_TASK TO COMPLETE_
Omit the pictures and return exactly the stretch of the material below from the line with "中考数学-一元一次不等式组练习题(含答案)" through the line with "Fenerbahçe FB 2014 Polo tshirt Navy H78970".

_DATA SECTION_
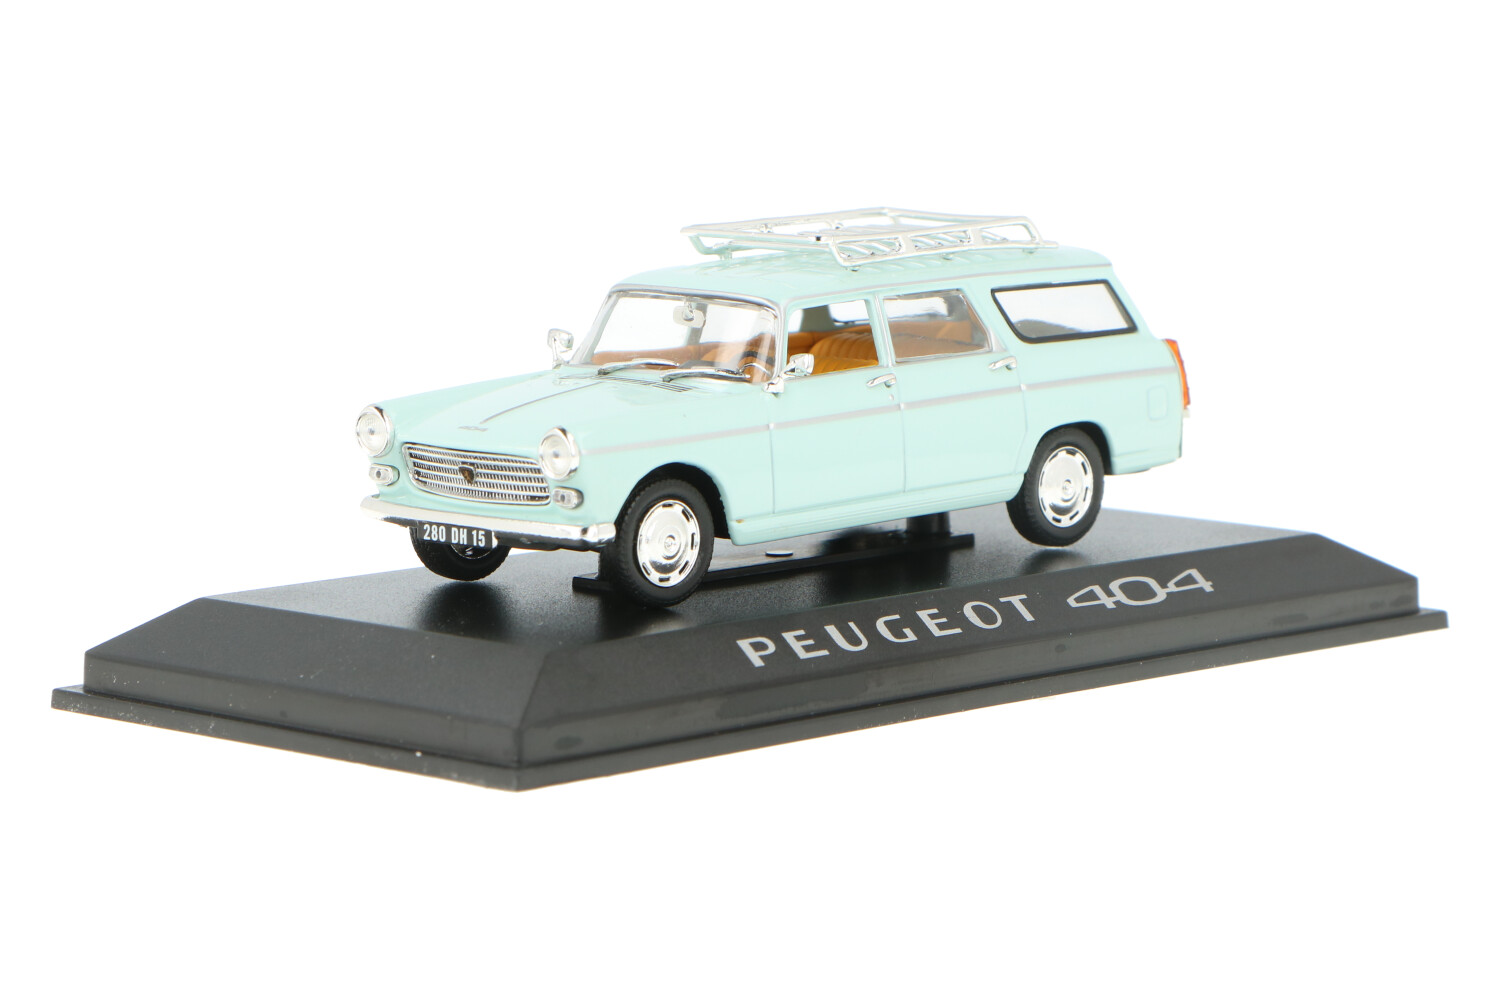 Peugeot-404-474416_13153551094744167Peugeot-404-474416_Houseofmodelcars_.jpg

...

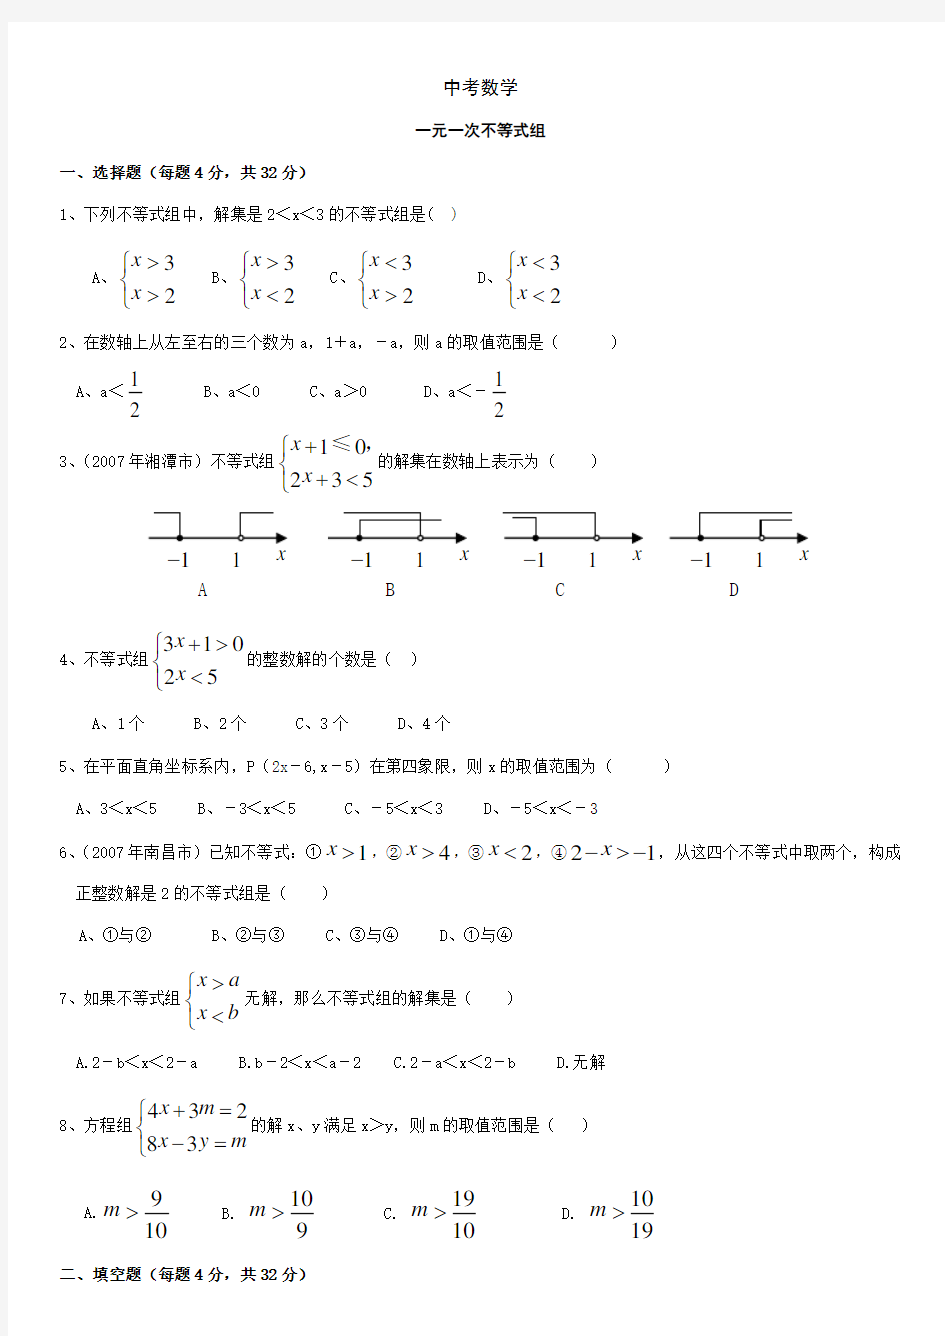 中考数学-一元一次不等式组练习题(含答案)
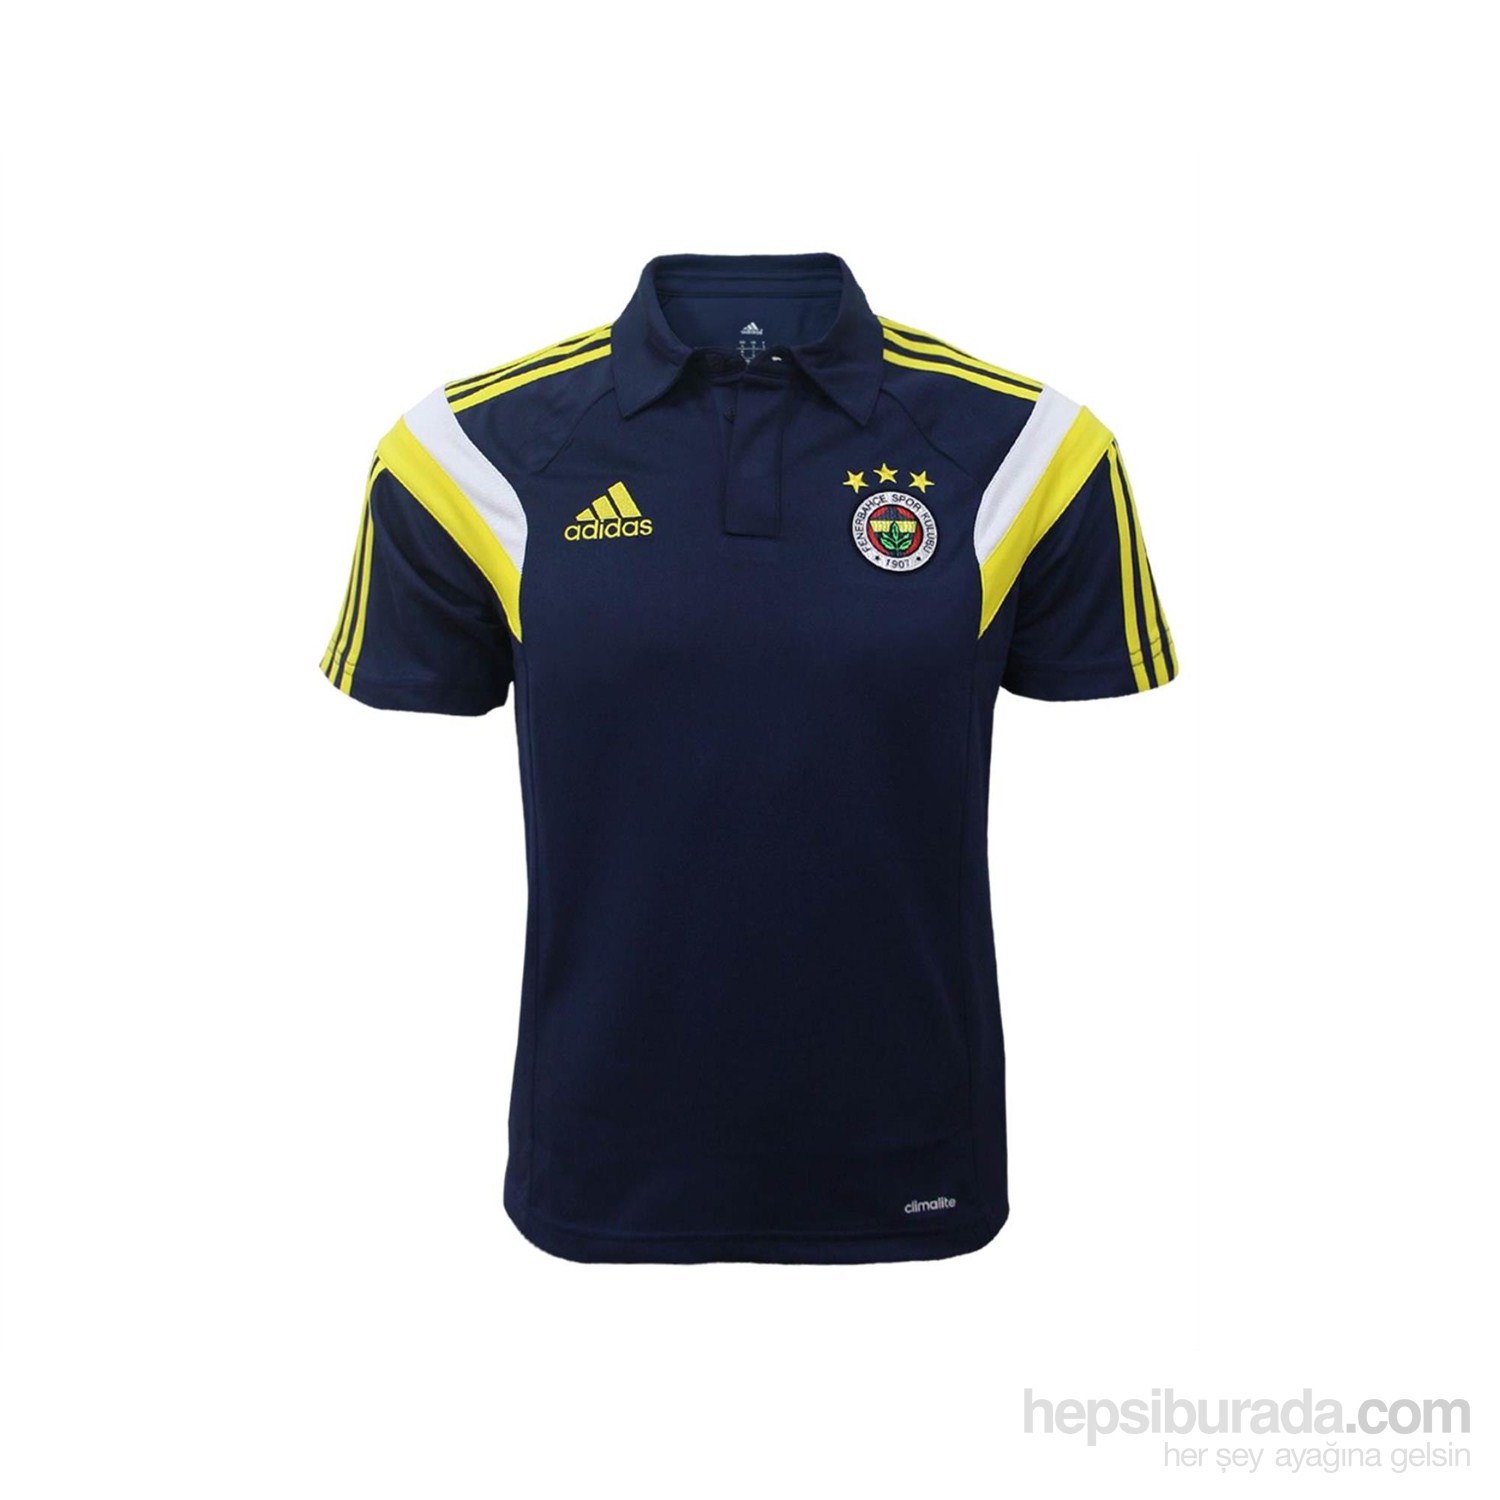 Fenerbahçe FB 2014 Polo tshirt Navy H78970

---

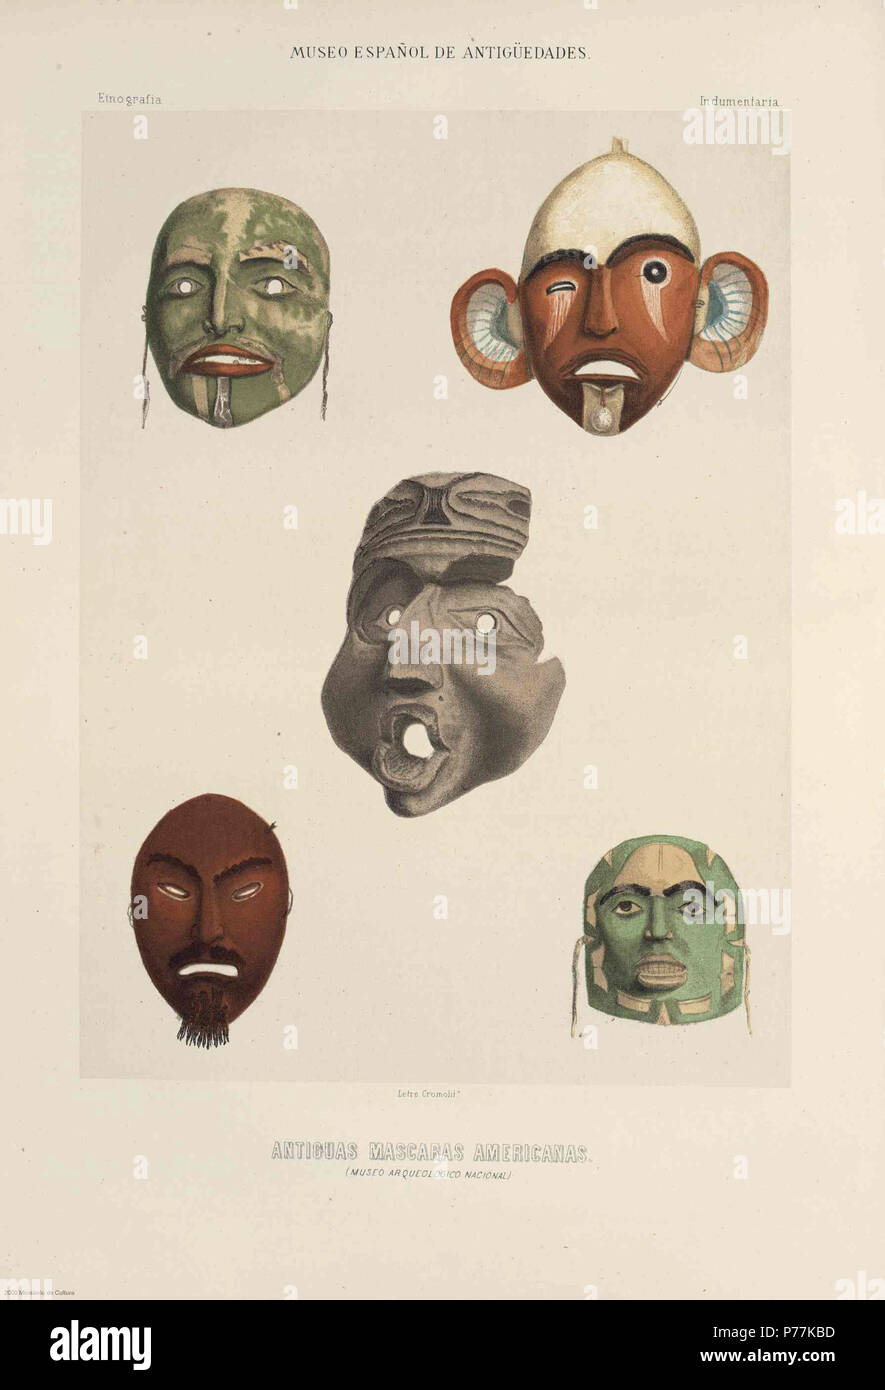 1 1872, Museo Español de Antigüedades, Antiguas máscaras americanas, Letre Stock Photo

_ANSWER SPACE_
 中考数学-一元一次不等式组练习题(含答案)
 Fenerbahçe FB 2014 Polo tshirt Navy H78970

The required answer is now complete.